This repository contains a template for creating custom components for your deepset Cloud pipelines. Components are Python code snippets that perform specific tasks within your pipeline. This template will guide you through all the necessary elements your custom component must include. This template contains two sample components which are ready to be used:
CharacterSplitter
implemented in/src/dc_custom_component/example_components/preprocessors/character_splitter.py
: A component that splits documents into smaller chunks by the number of characters you set. You can use it in indexing pipelines.KeywordBooster
implemented in/src/dc_custom_component/example_components/rankers/keyword_booster.py
: A component that boosts the score of documents that contain specific keywords. You can use it in query pipelines.
We've created these examples to help you understand how to structure your components. When importing your custom components to deepset Cloud, you can remove or rename the example_components
folder with the sample components, if you're not planning to use them.

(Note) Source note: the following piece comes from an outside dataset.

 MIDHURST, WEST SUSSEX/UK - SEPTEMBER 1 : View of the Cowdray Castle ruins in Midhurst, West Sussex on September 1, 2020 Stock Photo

This template serves as a custom components library for your organization. Only the components present in the most recently uploaded template are available for use in your pipelines.
For more information about custom components, see Custom Components. For a step-by-step guide on creating custom components, see Create a Custom Component. See also our tutorial for creating a custom RegexBooster component.
- Python v3.10 or v3.11
hatch
package manager
We use hatch
to manage our Python packages. Install it with pip:
Linux and macOS:
pip install hatch
Windows: Follow the instructions under https://hatch.pypa.io/1.12/install/#windows
Once installed, create a virtual environment by running:
hatch shell
This installs all the necessary packages needed to create a custom component. You can reference this virtual environment in your IDE.

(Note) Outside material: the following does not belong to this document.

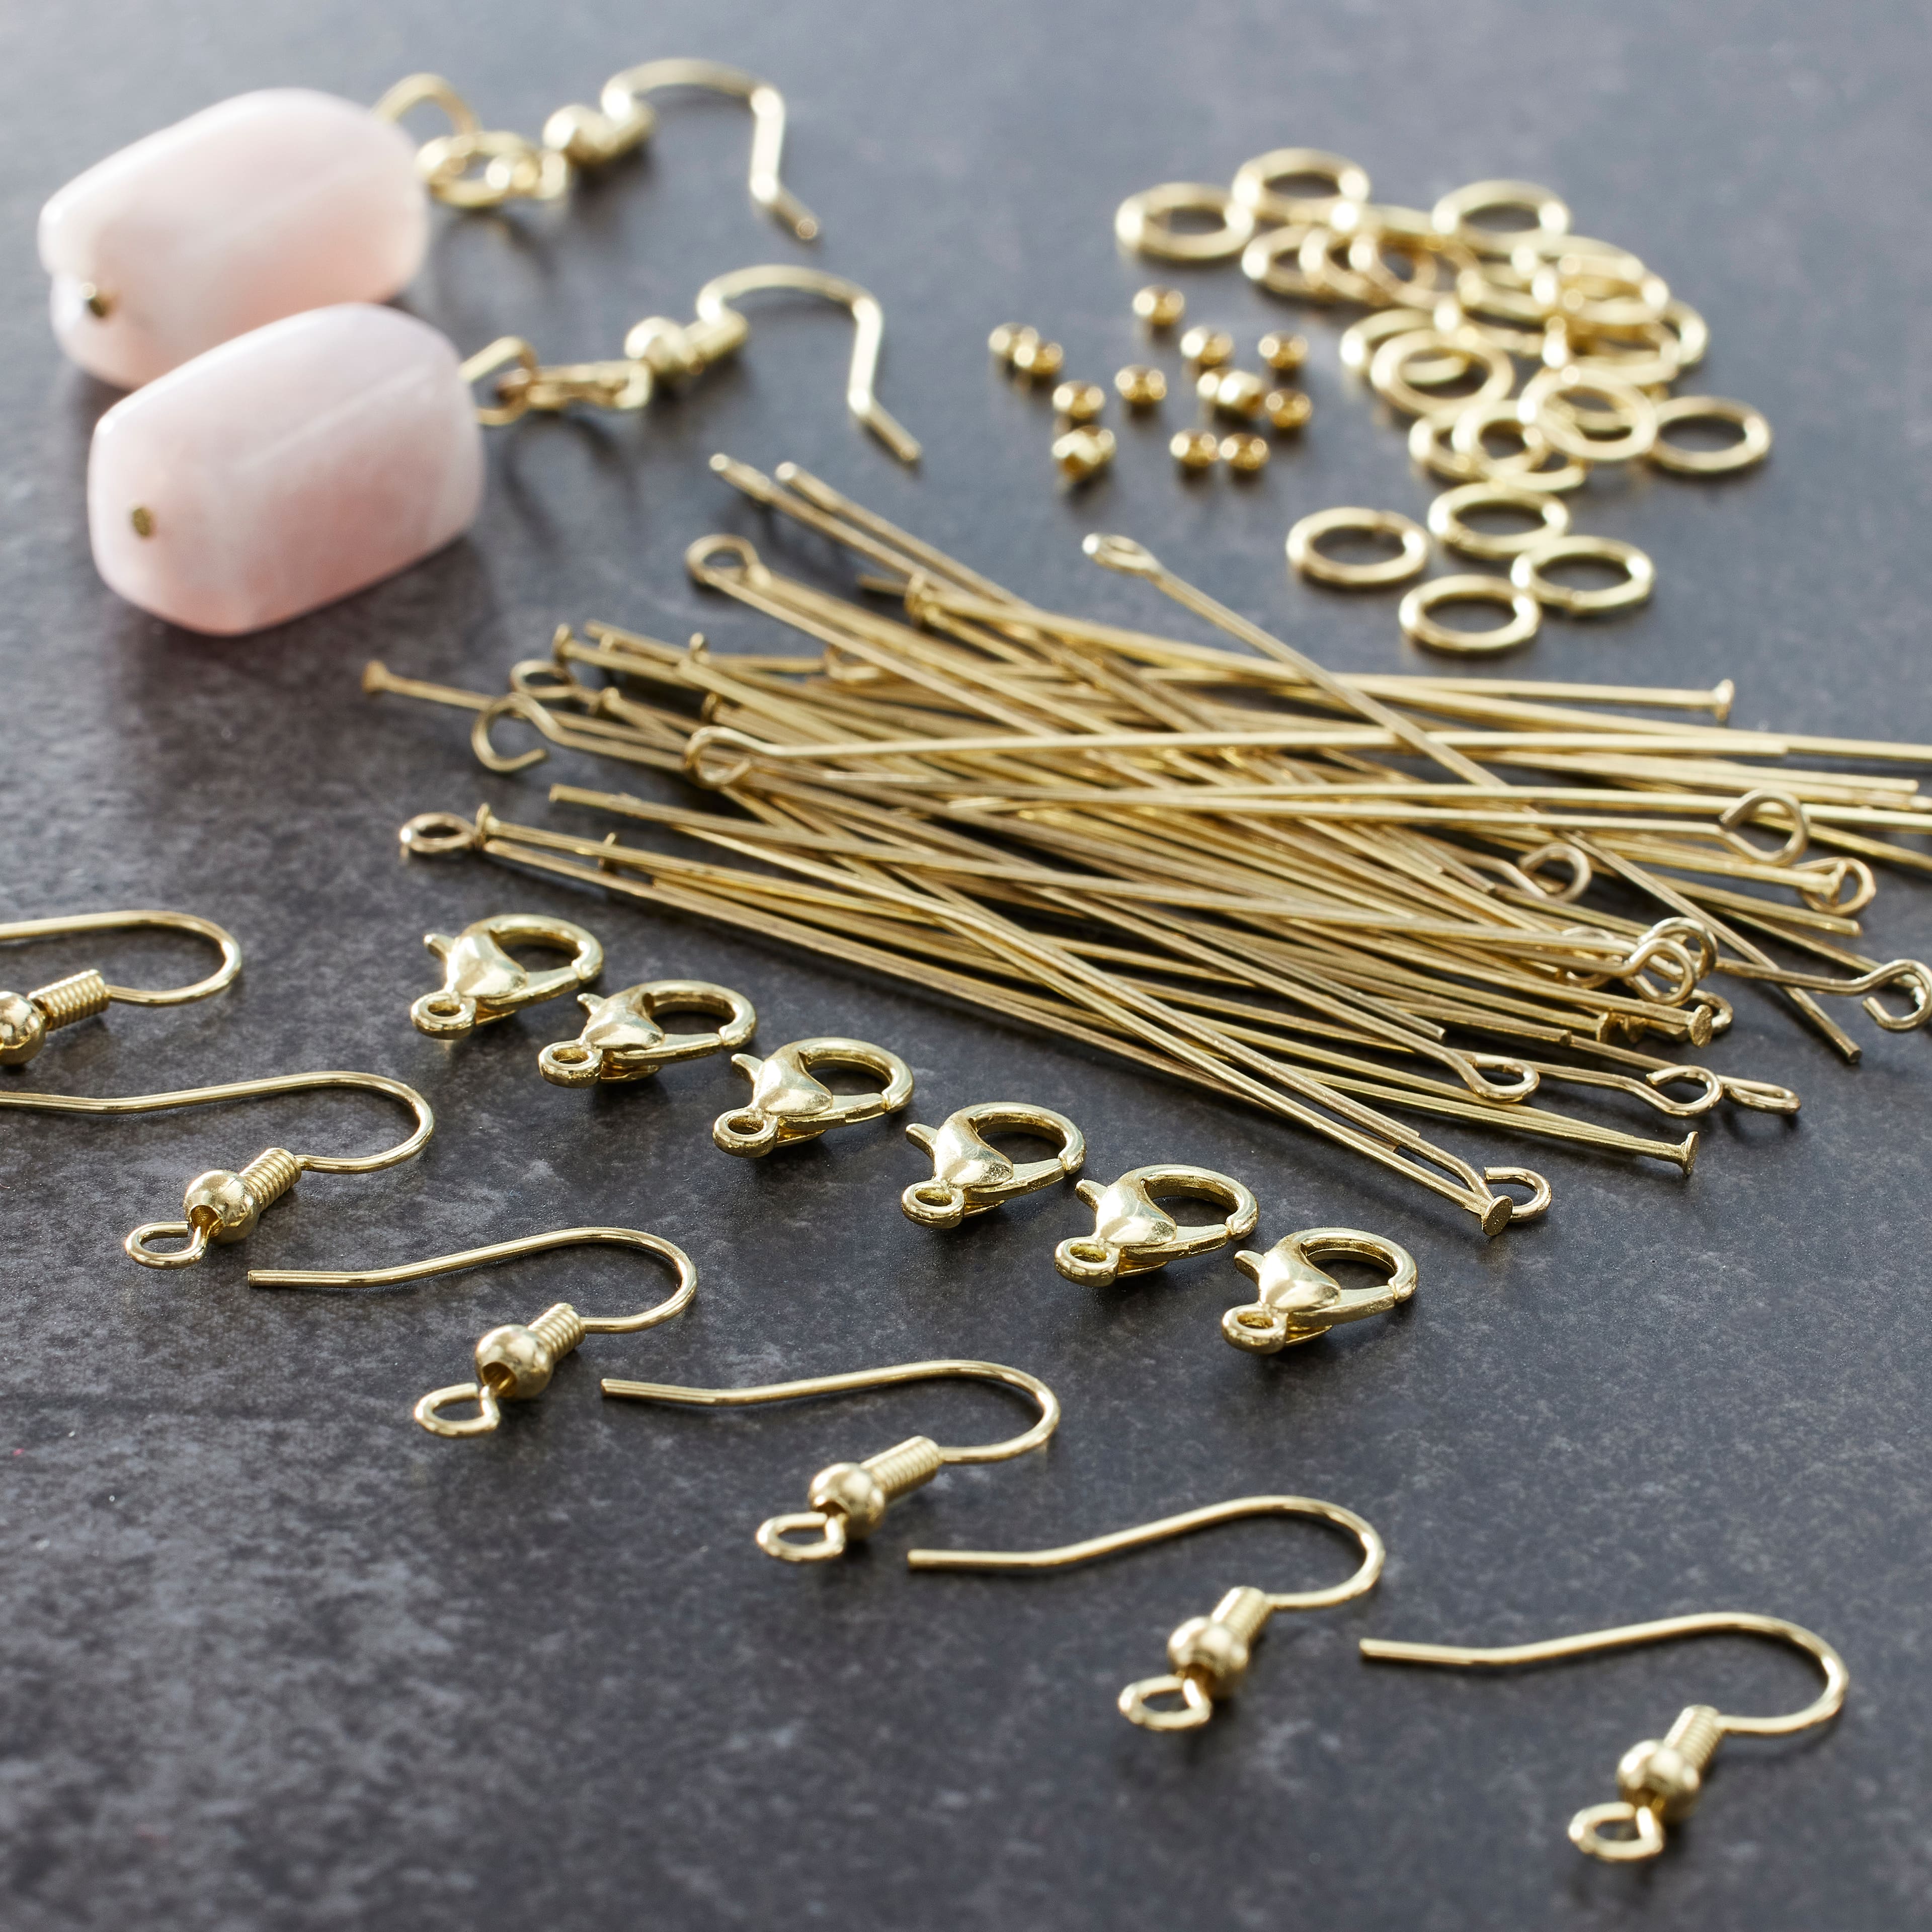 hildie & Jo 779pc Gold Jewelry Findings Kit - Jewelry Clasps & Closures - Beads & Jewelry Making

For more information on hatch
, please refer to the official Hatch documentation.
File | Description |
---|---|
/src/dc_custom_component/components |
Directory for implementing custom components. You can logically group custom components in sub-directories. See how sample components are grouped by type. |
/src/dc_custom_component/__about__.py |
Your custom components' version. deepset Cloud always uses the latest version. Bump the version every time you update your component before uploading it to deepset Cloud. |
/pyproject.toml |
Information about the project. If needed, add your components' dependencies in this file in the dependencies section. |
Note that the location of your custom component implementation defines your component's type
to be used in pipeline YAML. For example, the sample components have the following types because of their location:
dc_custom_component.example_components.preprocessors.character_splitter.CharacterSplitter
dc_custom_component.example_components.rankers.keyword_booster.KeyWordBooster
Here is how you would add them to a pipeline:
components:
splitter:
type: dc_custom_component.example_components.preprocessors.character_splitter.CharacterSplitter
init_parameters: {}
...
We defined a suite of formatting tools. To format your code, run:
hatch run code-quality:all
It's crucial to thoroughly test your custom component before uploading it to deepset Cloud. Consider adding unit and integration tests to ensure your component functions correctly within a pipeline.
pytest
is ready to be used withhatch
- implement your tests under
/test
- run
hatch run tests
- Fork this repository.
- Navigate to the
/src/dc_custom_component/components/
folder. - Add your custom components following the examples.
- Update the components' version in
/src/__about__.py
. - Format your code using the
hatch run code-quality:all
command. (Note that hatch commands work from the project root directory only.) - Set your deepset Cloud API key.
- On Linux and macOS:
export API_KEY=<TOKEN>
- On Windows:
set API_KEY=<TOKEN>
- On Linux and macOS:
- Upload your project by running the following command from inside of this project:
- On Linux and macOS:
hatch run dc:build-and-push
- On Windows:
hatch run dc:build-windows
andhatch run dc:push-windows
This creates a zip file calledcustom_component.zip
in thedist
directory and uploads it to deepset Cloud.
- On Linux and macOS:
For detailed instructions, refer to our documentation on Creating a Custom Component.
We use GitHub Actions to build and push custom components to deepset Cloud. Create a tag to trigger the build and push job. After forking or cloning this repository:
- Add the
DEEPSET_CLOUD_API_KEY
secret to your repository. This is your deepset Cloud API key. (To add a secret, go to your repository and choose Settings > Secrets and variables > Actions > New repository secret.) - (Optional) Adjust the workflow file in
.github/workflows/publish_on_tag.yaml
as needed. - Create a tag to trigger the GitHub Actions workflow. The workflow builds and pushes the custom component to deepset Cloud with the tag as version.
Warning: When using this GitHub Actions workflow, the version specified in the
__about__
file will be overwritten by the tag value. Make sure your tag matches the desired version number.